HalluZig: Hallucination Detection using Zigzag Persistence
This addresses the critical barrier of factual unreliability in LLMs for high-stakes domains, offering a novel detection approach.
The paper tackles the problem of hallucination detection in Large Language Models by analyzing the dynamic topology of layer-wise attention evolution, demonstrating that HalluZig outperforms strong baselines on multiple benchmarks.

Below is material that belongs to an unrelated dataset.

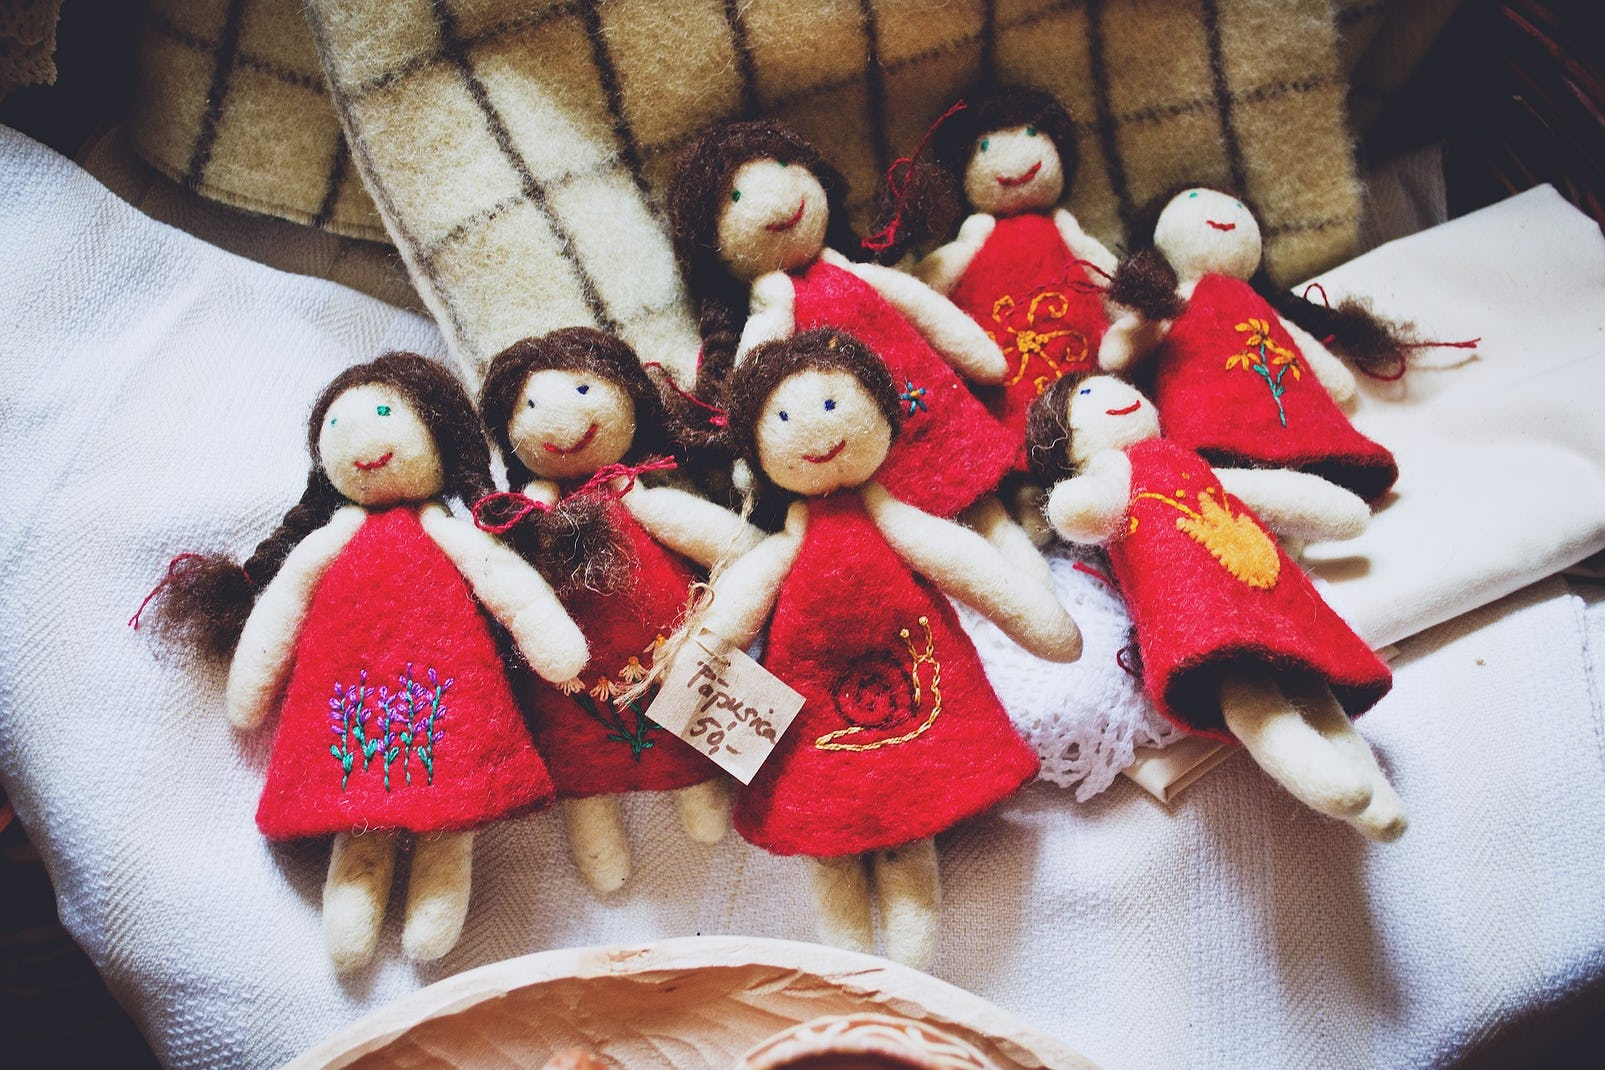 Handmade dolls traditional from Transylvania

The factual reliability of Large Language Models (LLMs) remains a critical barrier to their adoption in high-stakes domains due to their propensity to hallucinate. Current detection methods often rely on surface-level signals from the model's output, overlooking the failures that occur within the model's internal reasoning process. In this paper, we introduce a new paradigm for hallucination detection by analyzing the dynamic topology of the evolution of model's layer-wise attention. We model the sequence of attention matrices as a zigzag graph filtration and use zigzag persistence, a tool from Topological Data Analysis, to extract a topological signature. Our core hypothesis is that factual and hallucinated generations exhibit distinct topological signatures. We validate our framework, HalluZig, on multiple benchmarks, demonstrating that it outperforms strong baselines. Furthermore, our analysis reveals that these topological signatures are generalizable across different models and hallucination detection is possible only using structural signatures from partial network depth.